First piece of news this week: Peter Jackson has decided to split his movie adaptation of The Hobbit again, making the film into a trilogy. I trust Jackson as a director, but I gotta say that this decision seems a little weird to me. I mean, I can see making the book into two movies because the book itself exists in a bunch of distinct pieces which don’t necessarily have all that much to do with each other. With that in mind, I personally would build the first movie around the beginning of the journey and the encounters with the goblins and use the company’s escape from the goblin kingdom under the mountains as the first movie’s climax. That would set the stage for a second movie in which the company encounters and escapes from the elves, confronts the dragon, and then fights the Battle of Five Armies, which would, of course, tie back in with the plot of the first movie. But if that’s the plan, where on earth is the third movie?

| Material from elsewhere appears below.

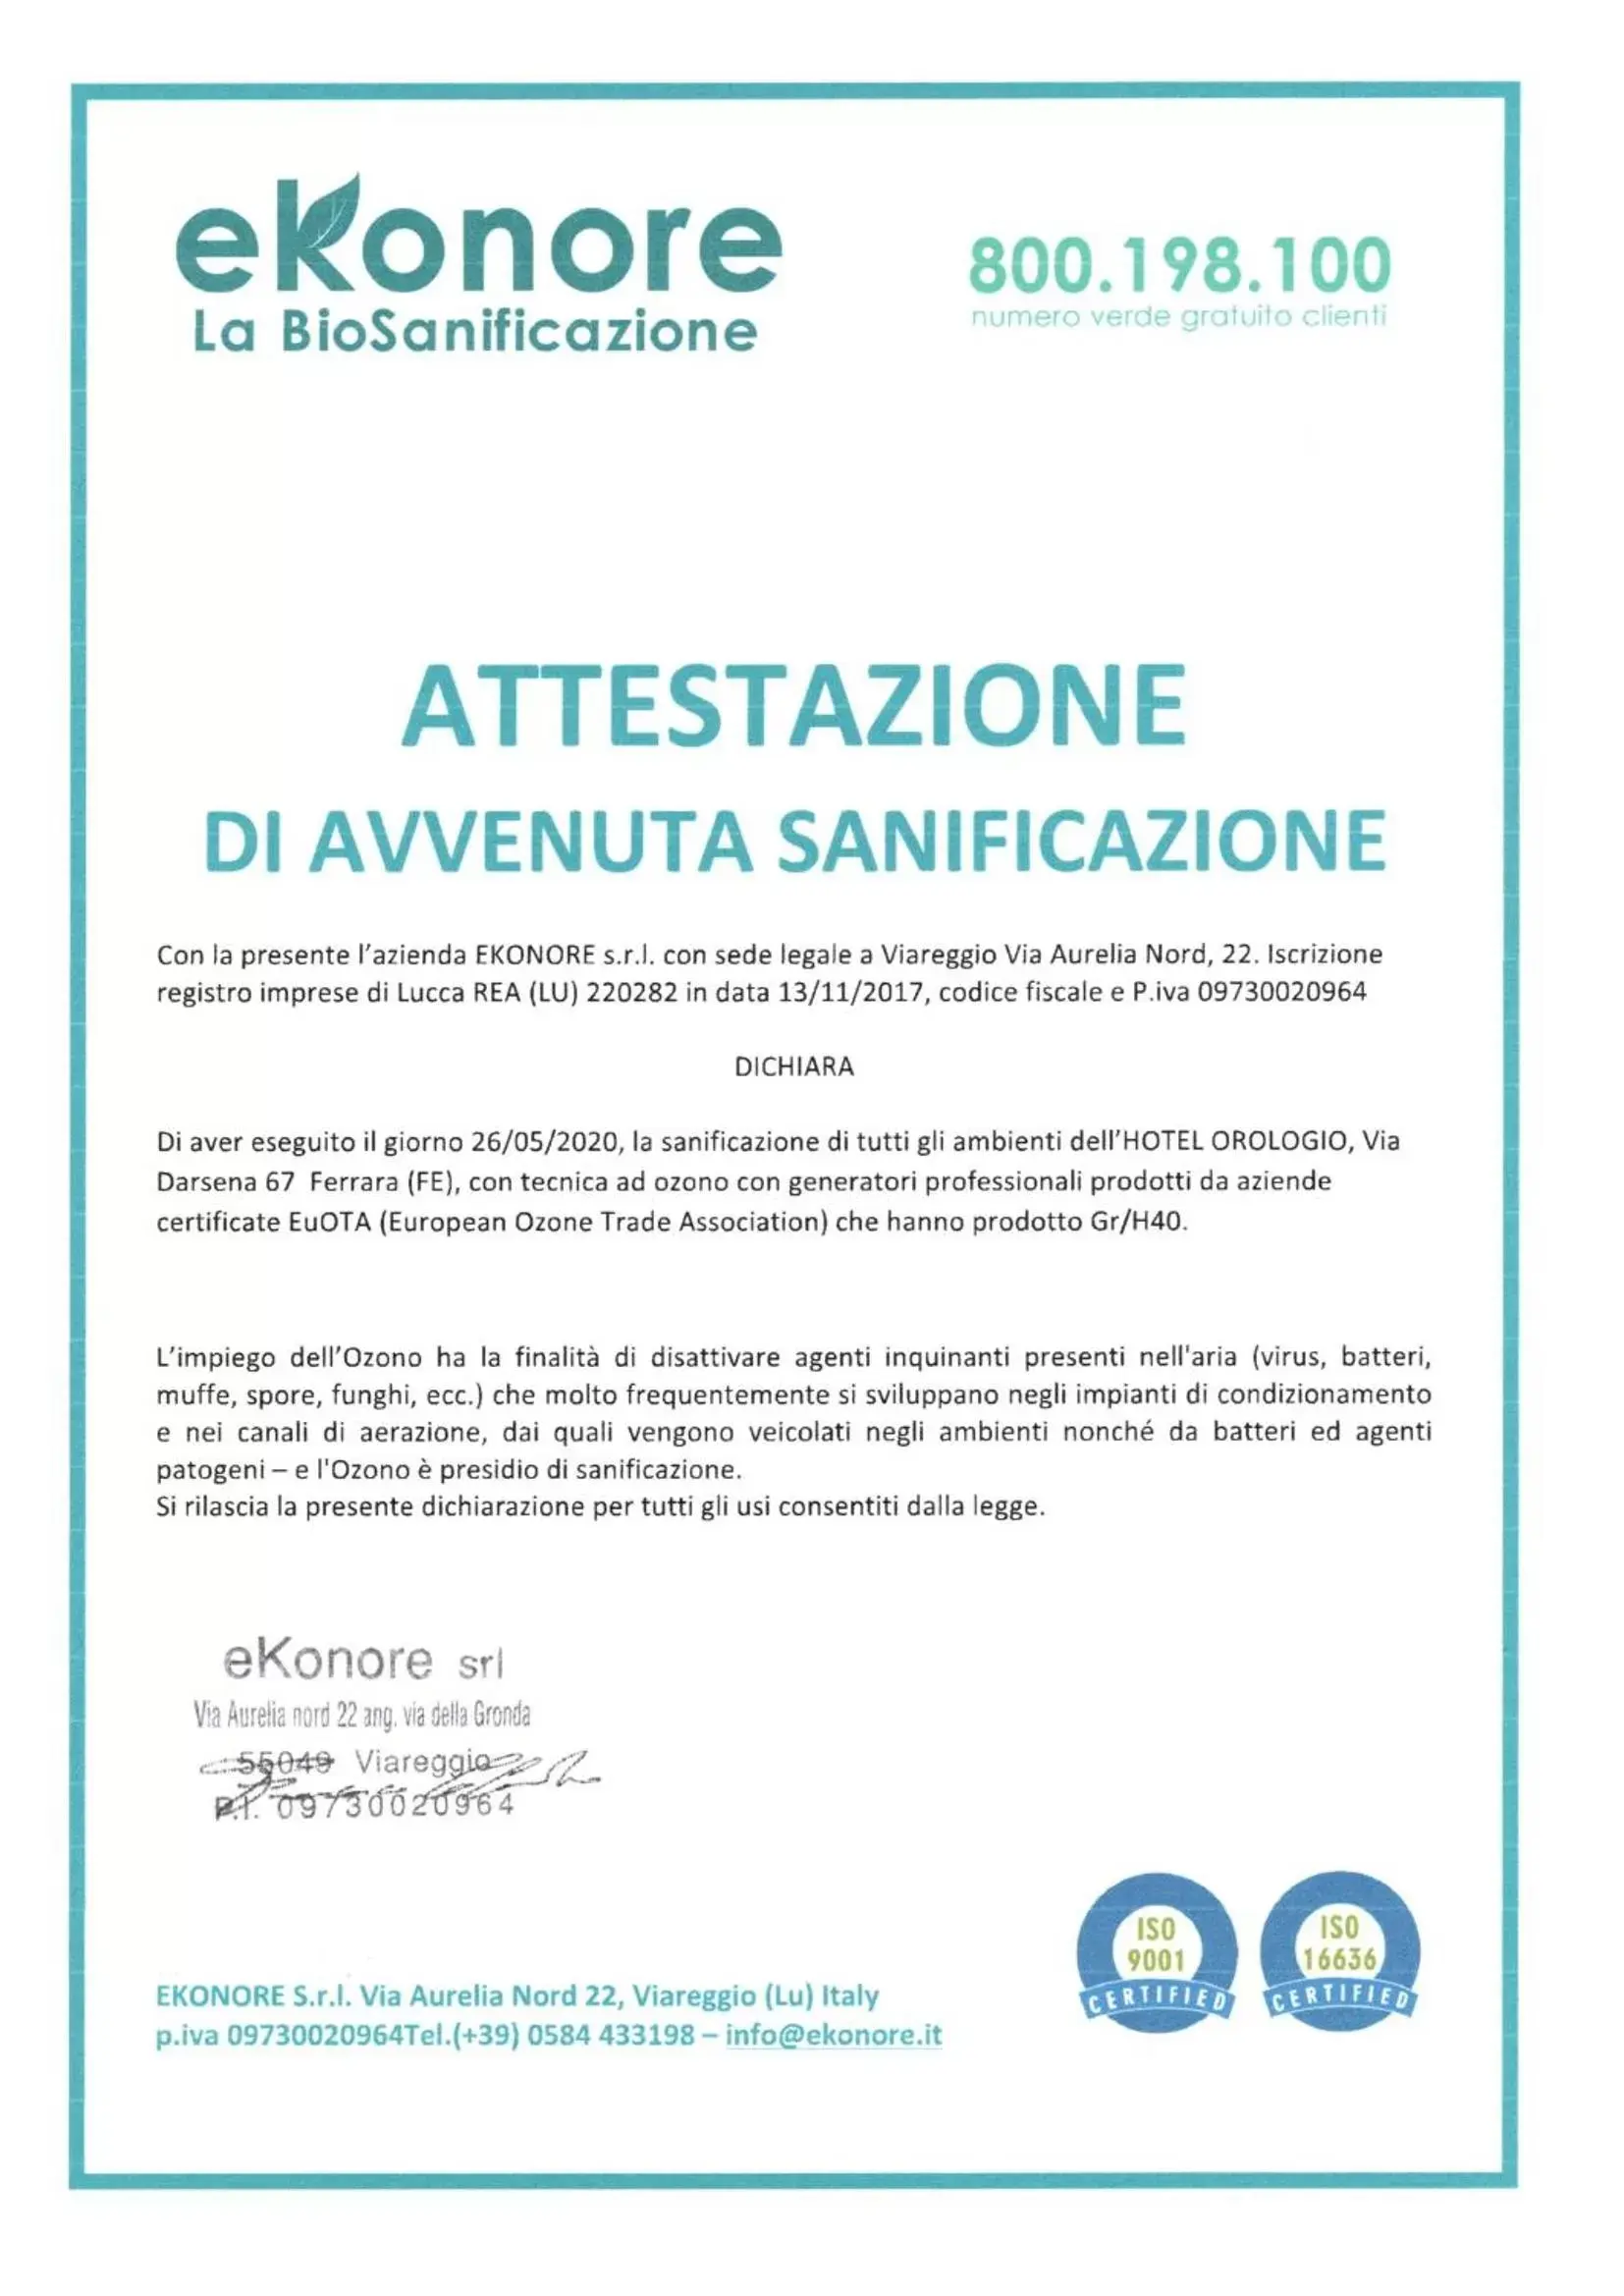 Certificate/Award in Hotel Orologio

or "There and Back Again." |
It seems obvious to me that everything from the foot of Smaug’s mountain to the end of the Battle of Five Armies has to be the bulk of the last movie, regardless of how many movies precede it. Just as obviously, the stuff with the goblins is its own self-contained plot. That stuff collectively takes up about half of the book, and it’s critical to the way the book’s overarching story resolves itself. The issue, then, is what else is so important that it needs its own movie. There’s the opening dinner party, which is overlong in the book and clearly destined to be overlong in the first movie as well. Then there’s also a bit with trolls, a bit with worgs (before the main bit with the goblins), a bit where the dwarves get attacked by spiders in the forest, and the bit where the dwarves get captured by the elves.

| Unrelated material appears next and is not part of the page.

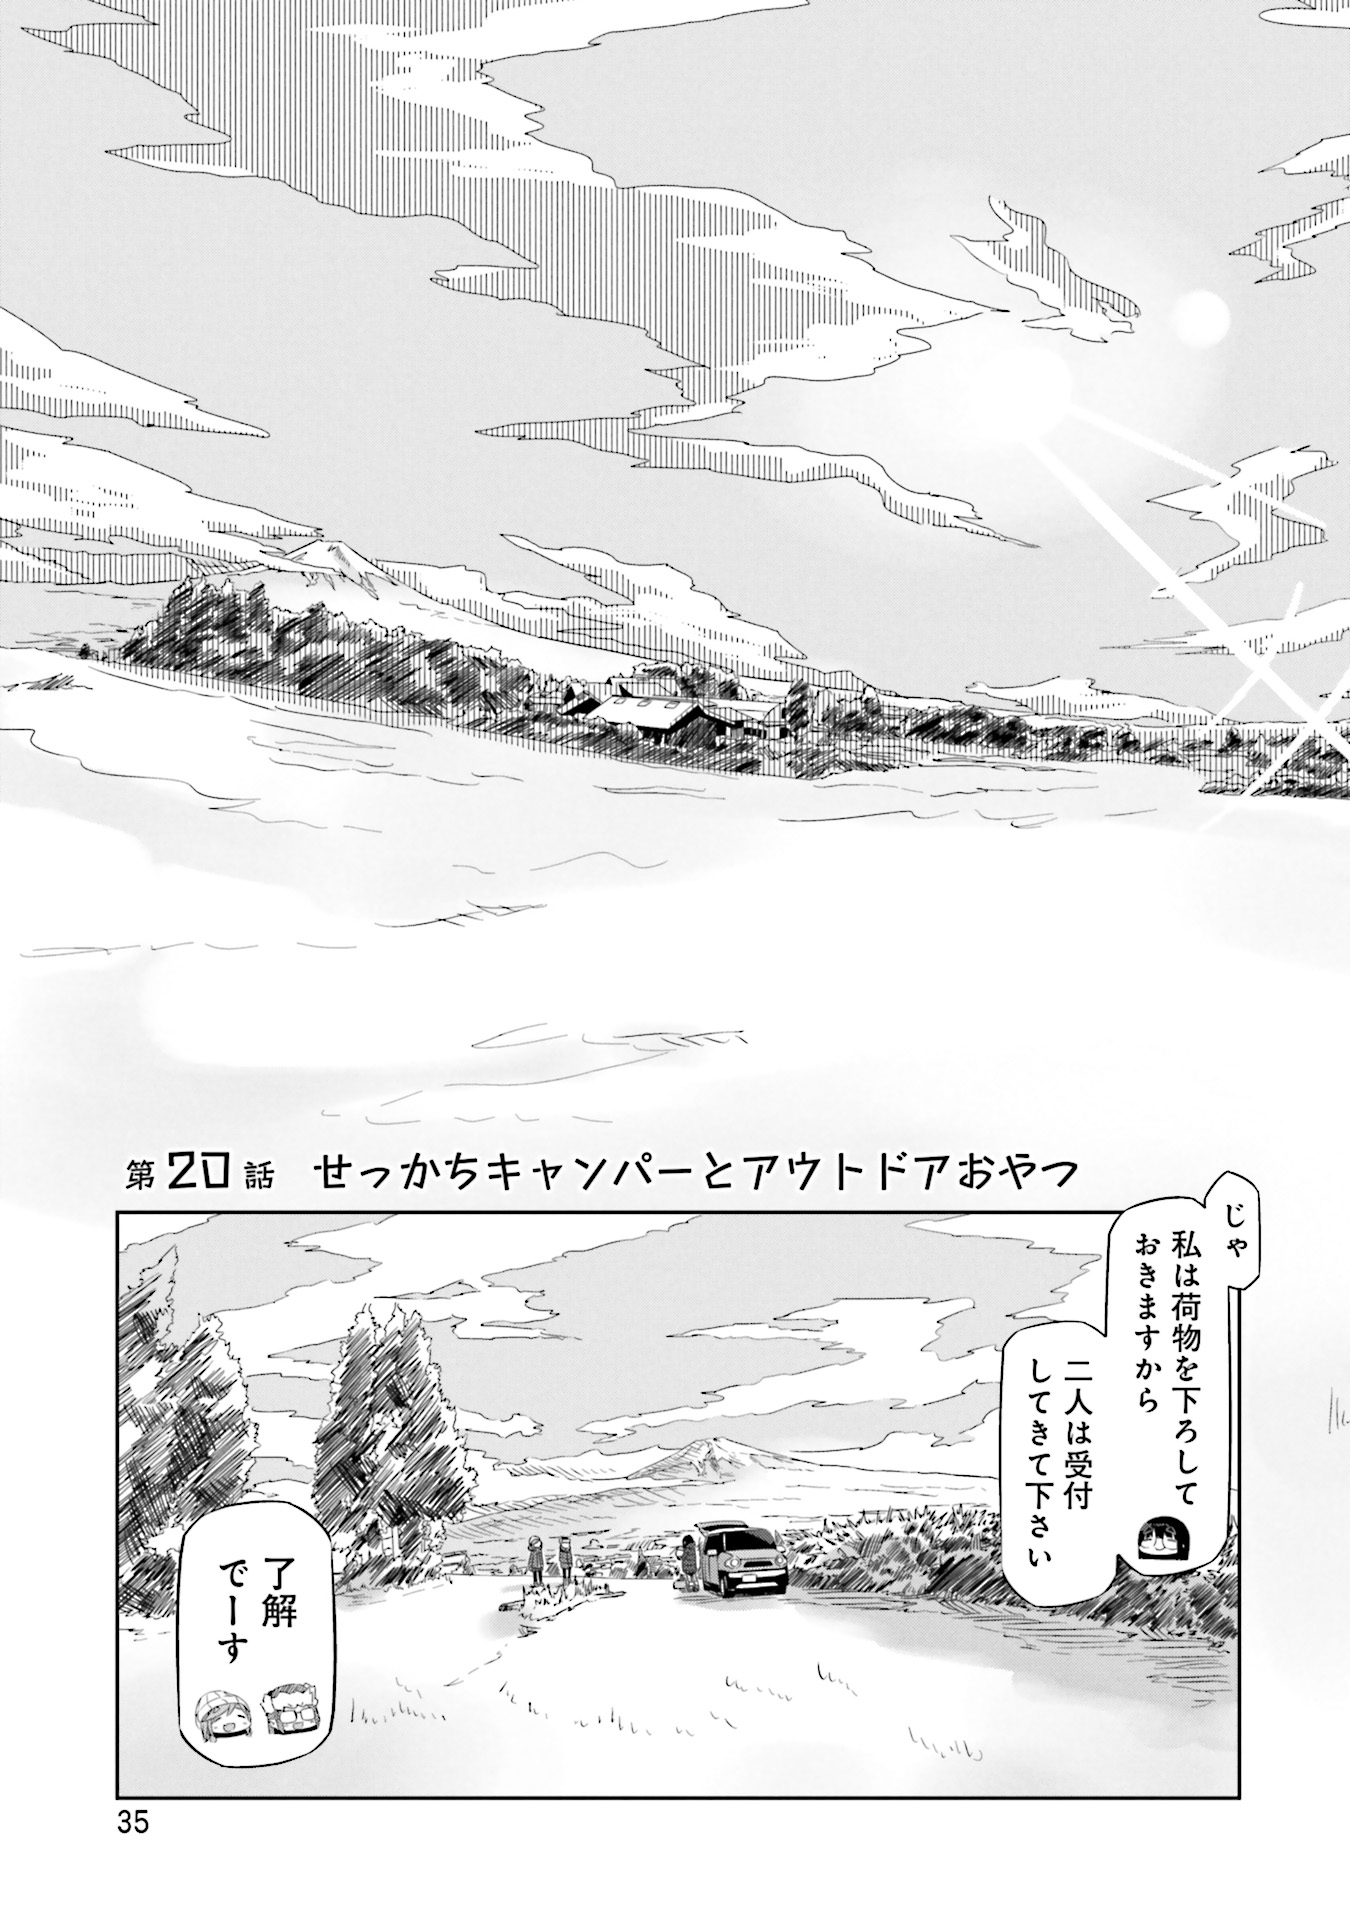 Yuru Camp - Chapter 20 - Page 3

I suppose you could build a second movie around the forest, with the spiders and the elves as one contiguous plot-point, but that stuff by no means strikes me as worth a whole movie, nor is any of it particularly related to anything else. It’s useful because it shows off Tolkien’s vision—The Hobbit could easily be considered travel-fiction, if we accept Tolkien’s imagination as an appropriate destination—but beyond that, none of that is particularly germane to the rest of the story. It shows Bilbo’s growth into a Rogue of some renown, but otherwise it’s filler. Turning it into the basis of an entire film seems sketchy. Personally, I’d use it in the films the same way that Tolkien used it in the book—as a chance to develop character in support of the main points of the story.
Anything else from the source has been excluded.